Picture of a man, Dr. Steven Saef

Steven Saef, M.D.
Associate Professor

The Informatics Section of the Department of Emergency Medicine is focused on the implementation, evaluation, and expansion of Health Information Exchange (HIE) in our region and state. Drs. Steven Saef and Christine Carr lead these efforts.

In 2008, the four major hospital systems (MUSC, Roper St. Francis, Trident, and East Cooper) serving greater Charleston, SC banded together to create an HIE, the Carolina eHealth Alliance (CeHA).
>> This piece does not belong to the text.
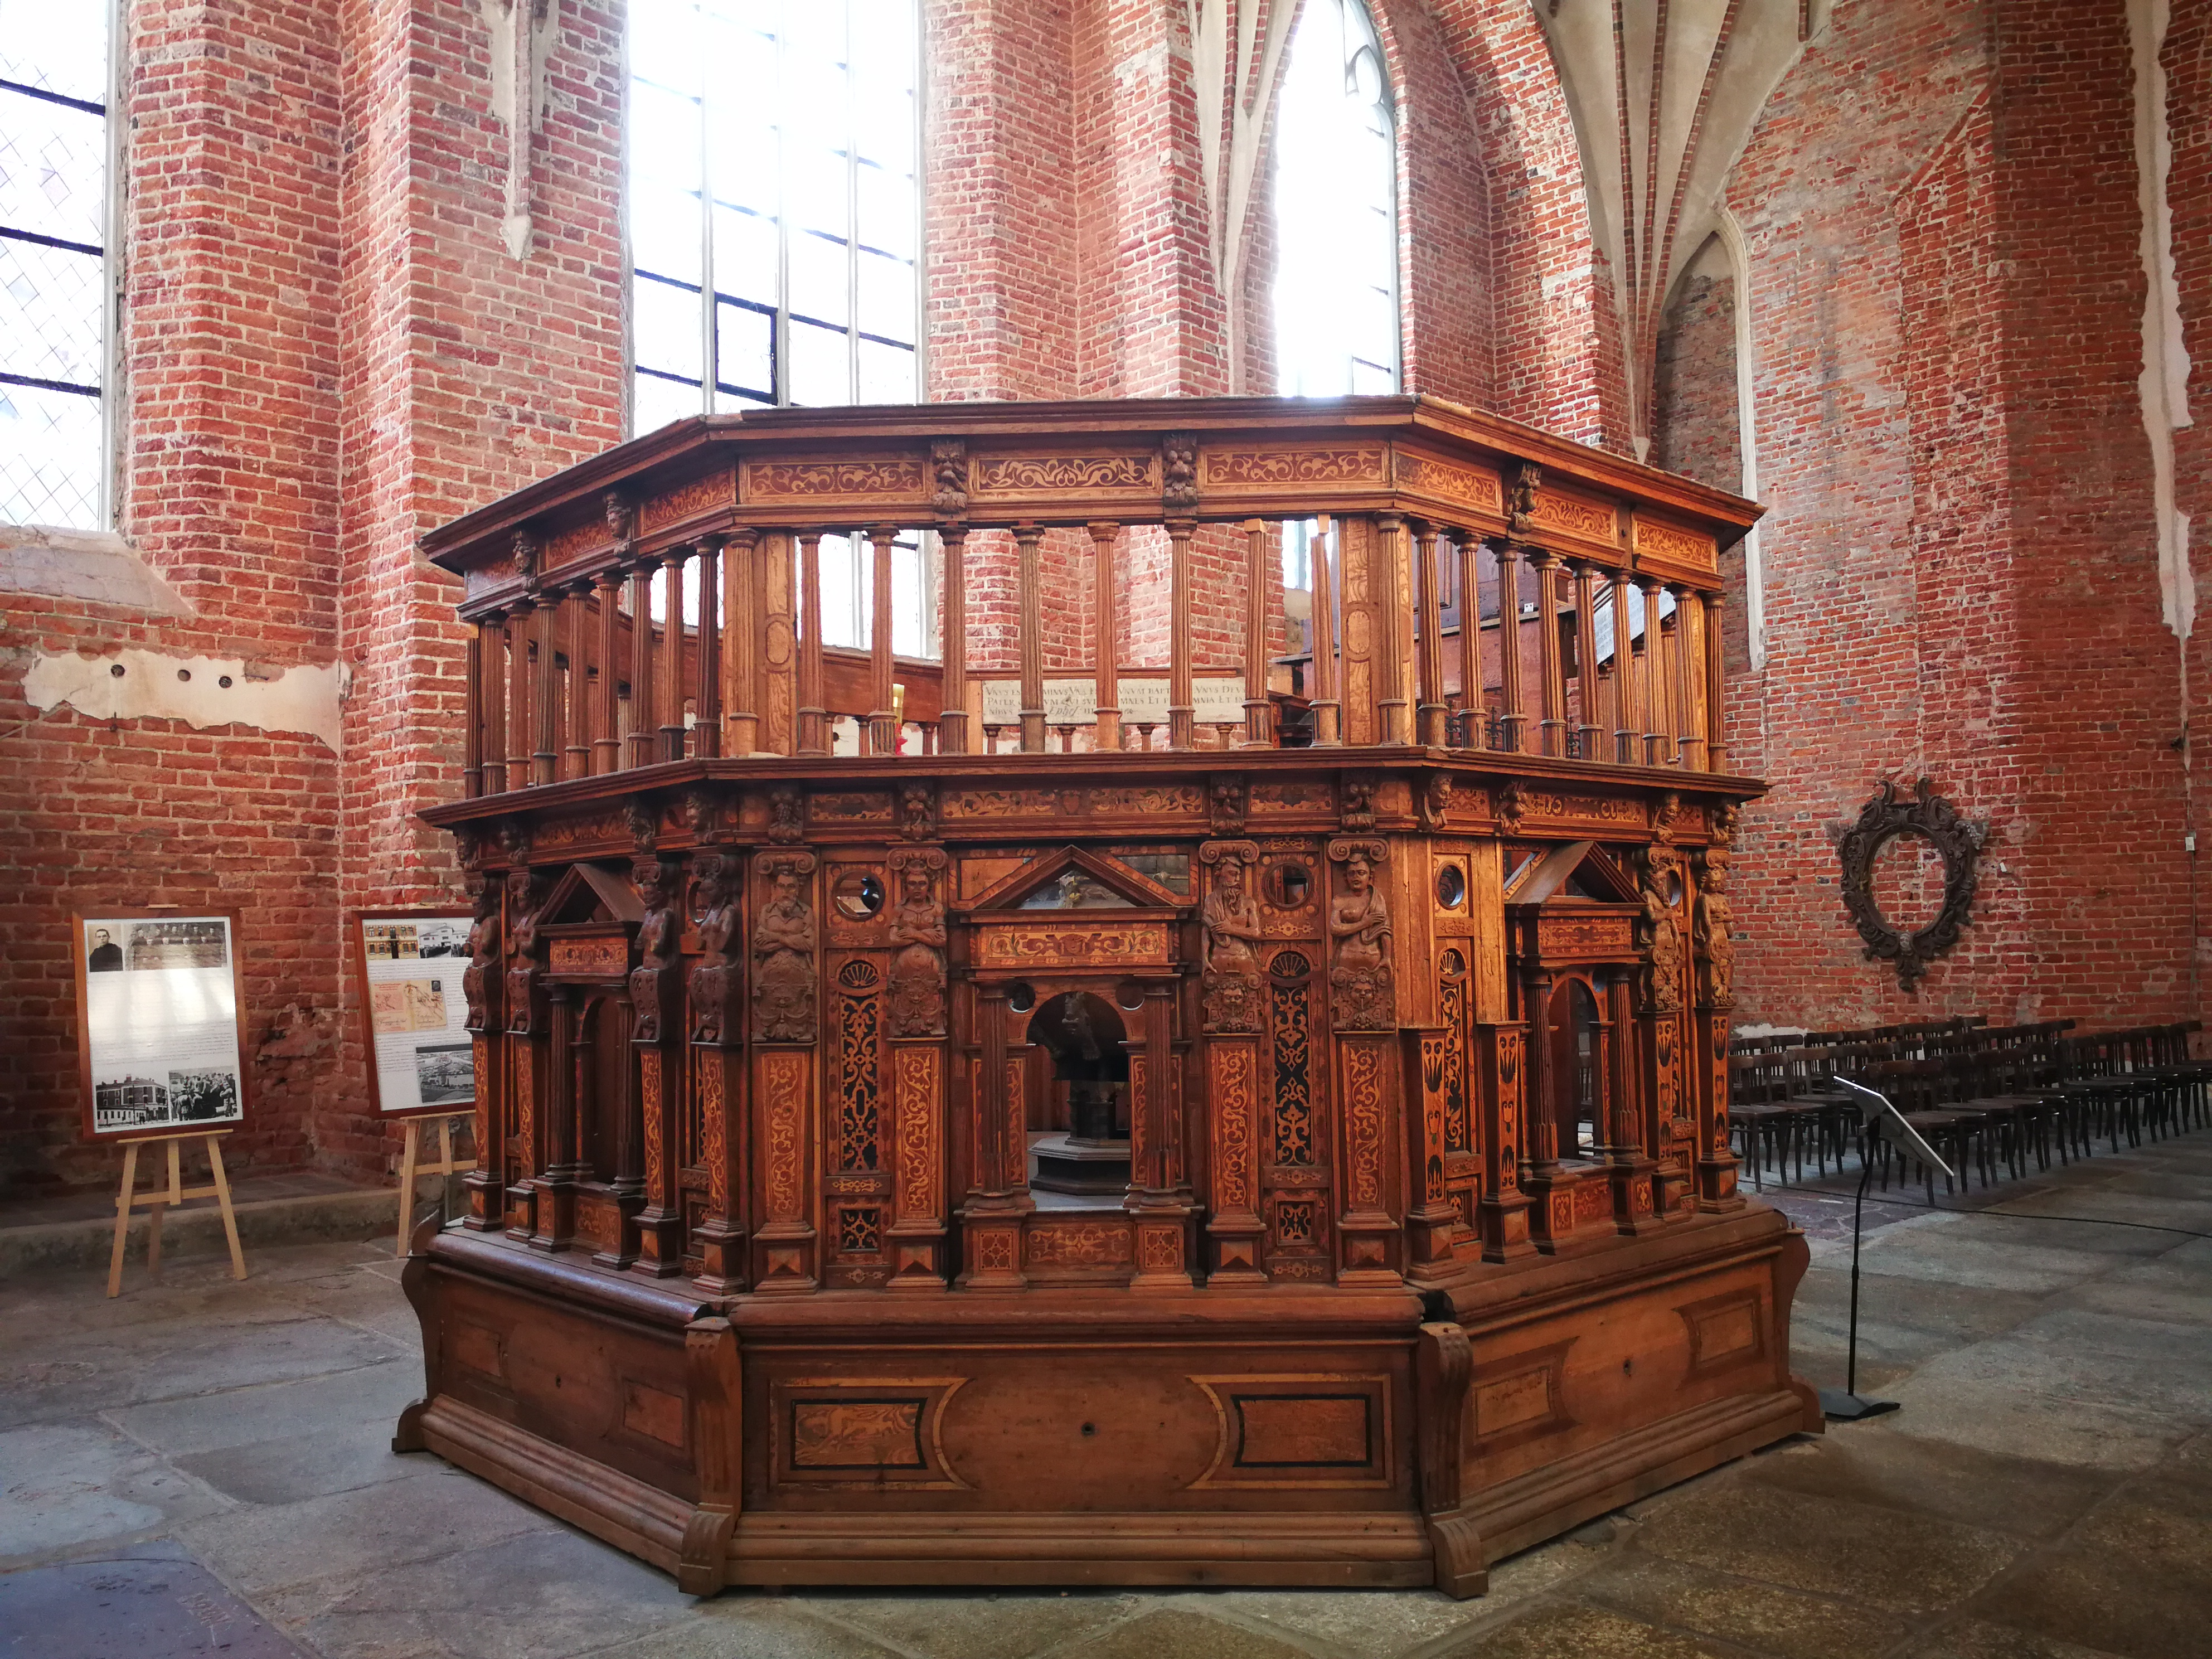 La iglesia de Santa Catalina, Gdansk, Polonia; bautisterio del siglo XVI; Foto Ania Anna Kotula de Tour Guide Service Gdansk

Their goals in this effort were high: to address the problem of fragmented care, safely reduce duplicative testing, decrease ED lengths of stay (LOS), avoid preventable hospital admissions, and improve quality of care. CeHA was founded with a $2.8M grant from The Duke Endowment and enabled, for the first time ever, emergency physicians practicing in 11 EDs within the Charleston area to access patient data from all four competing hospital systems at the point of care. In early studies we demonstrated reductions in duplicative testing, admissions, and consults in 35 percent of these patients, resulting in an estimated cost avoidance of $1.4 million in 1 year across the ED’s in our region (based on a utilization rate of only 2.3 percent.). Preliminary data also revealed a 45 percent reduction in ED LOS for discharged ED patients and a 25 percent reduction in the ED LOS for admitted patients. The combined impact of decreasing avoidable ED testing and decreasing ED LOS provided a much-needed increase in ED capacity at little or no added cost. 

Our innovative work on CeHA earned first place in the 2010 Modern Health care Case Study contest sponsored by Modern Health care Magazine. In 2014, we were the invited keynote speaker at the Pennsylvania e-Health Collaborative to speak on HIE. Our research in the DoEM has been highlighted in multiple IT publications, and we have been invited to speak around the country about the success and results of our research.
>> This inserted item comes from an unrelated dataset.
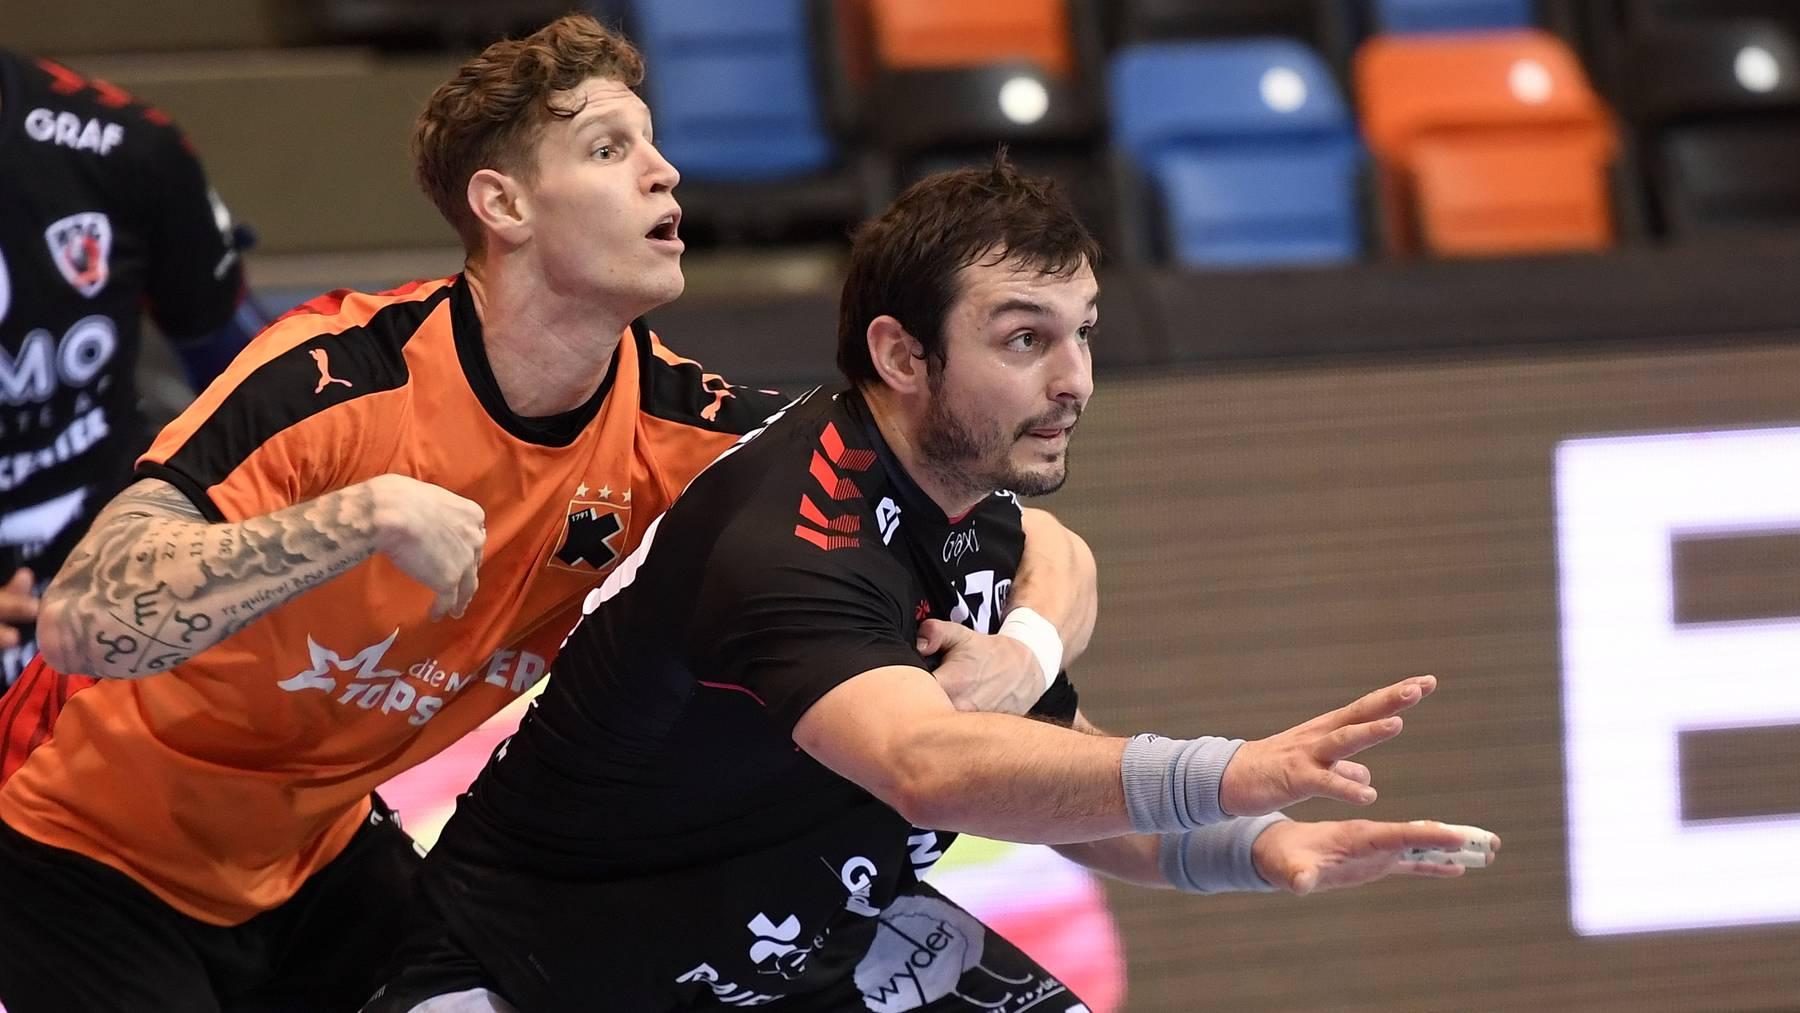 Die Kadetten Schaffhausen gewinnen gegen den HSC Suhr Aarau mit fünf Punkten Vorsprung.

Drs. Saef and Carr lead a multidisciplinary research team including medical students, residents, health economists, statisticians, informaticists, and emergency physicians, and have published 7 peer-reviewed studies on the impact of HIE on quality, efficiency, user adoption barriers and care coordination. Saef and Carr are Co-Investigator’s on the team that won a second Duke Endowment grant ($600K) to expand the capacity of CeHA. Subsequent grant funded work has been presented at ACEP and/or SAEM national meetings every year for the past 6 years. We are committed to education and have had dedicated students and/or residents on almost every publication and they have presented at several of our national meetings.

Recently we have partnered with our colleagues in the MUSC BioMedical Informatics Center (BMIC) and have submitted several grants that focus on using data from CeHA in an effort to improve health by using predictive analytics to identify patients at risk for abuse, patients that didn’t get follow up or patients that had a missed opportunity in the ED.
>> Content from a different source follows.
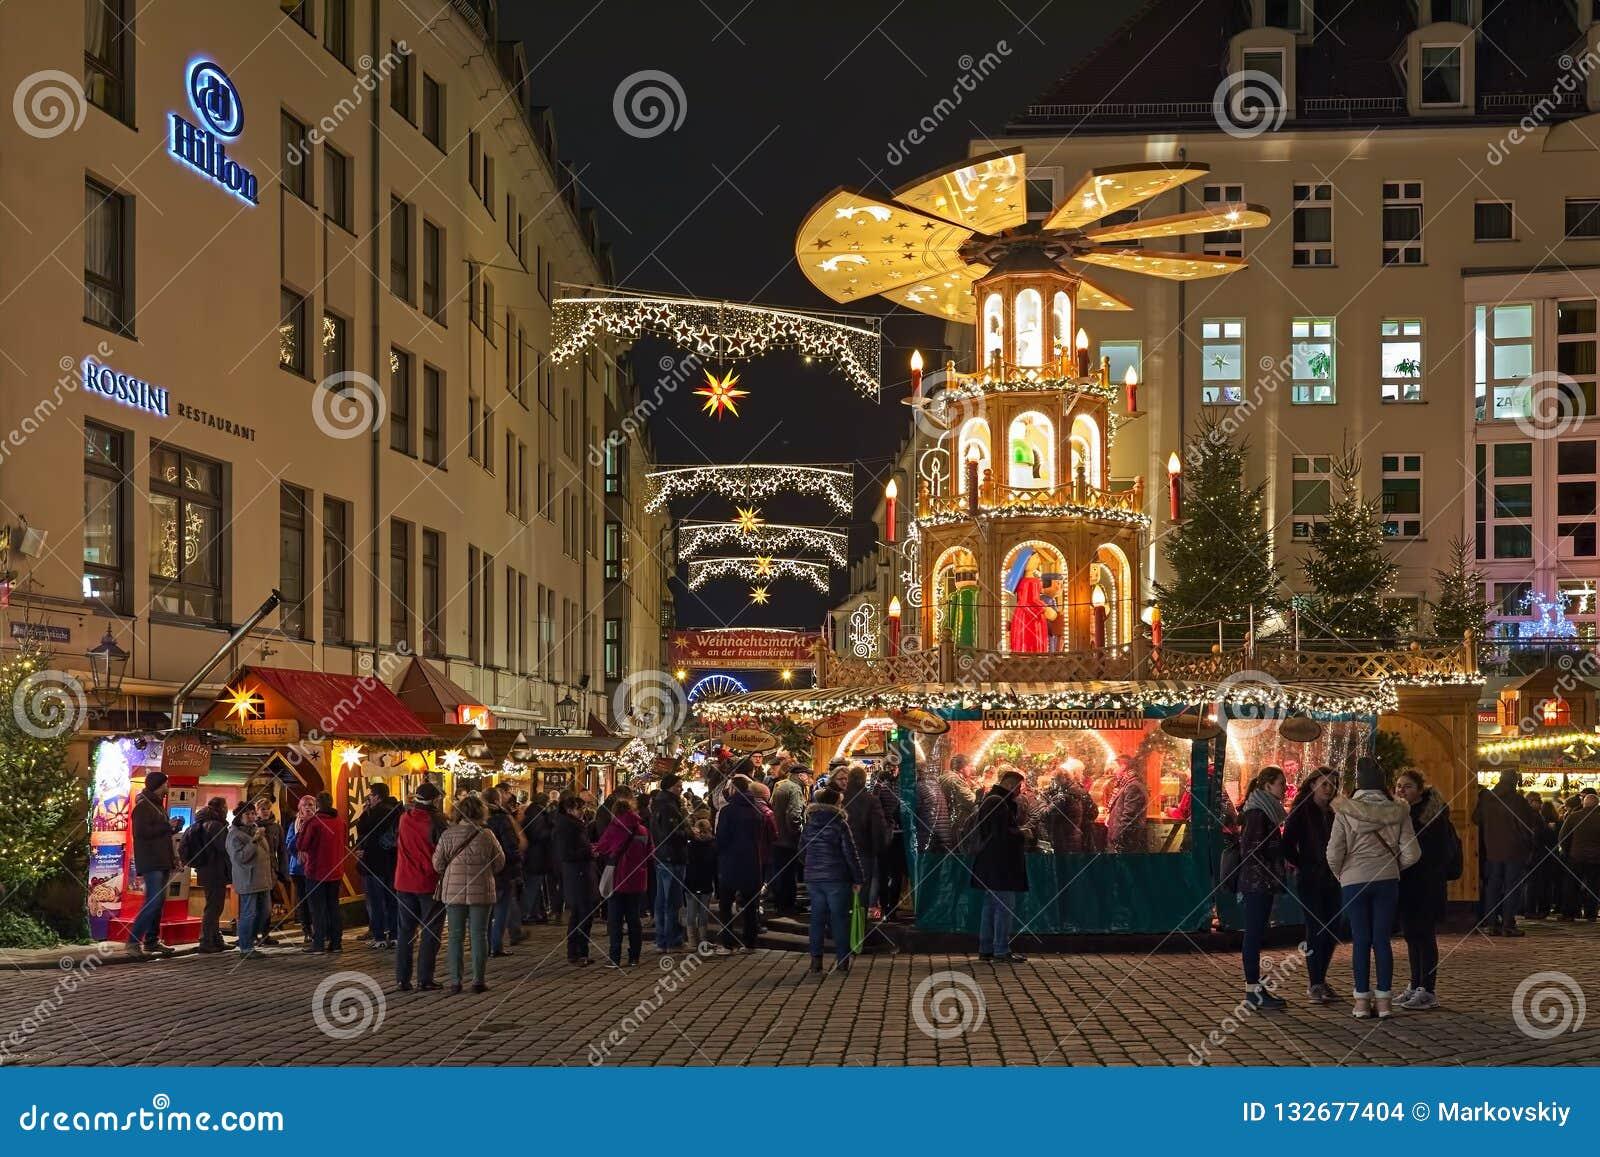 Weihnachtsmarkt In Dresden.Weihnachtspyramide Am Frauenkirche Weihnachtsmarkt In Dresden

In April 2016 as Co-PI, Dr. Carr was awarded a $25K CTSA Carolinas Collaborative grant (with Co-PI’s and Informaticists at UNC, Wake Forrest and Duke) “The HEART Pathway: a learning health system project, translating evidence into practice across the Carolinas”. This grant will be used to investigate the impact of informatics on ACS rates and Health care utilization by ED patients with acute chest pain across multiple health systems. The goal of the study is to develop informatics tools which can facilitate efficient, evidence-based interventions across the multiple hospitals in the Carolinas Collaborative. The HEART pathway uses a validated clinical decision aid and serial troponin measures to provide real-time decision support to providers. In prior studies, the HEART Pathway decreased hospitalizations, stress testing, and hospital length of stay, without increasing adverse events. These studies led to a learning health system project in collaboration with insurers, in which the HEART Pathway was fully integrated into the Wake Forrest Baptist Hospital EHR. Preliminary results from WFBH demonstrate further reductions in hospitalizations and stress testing.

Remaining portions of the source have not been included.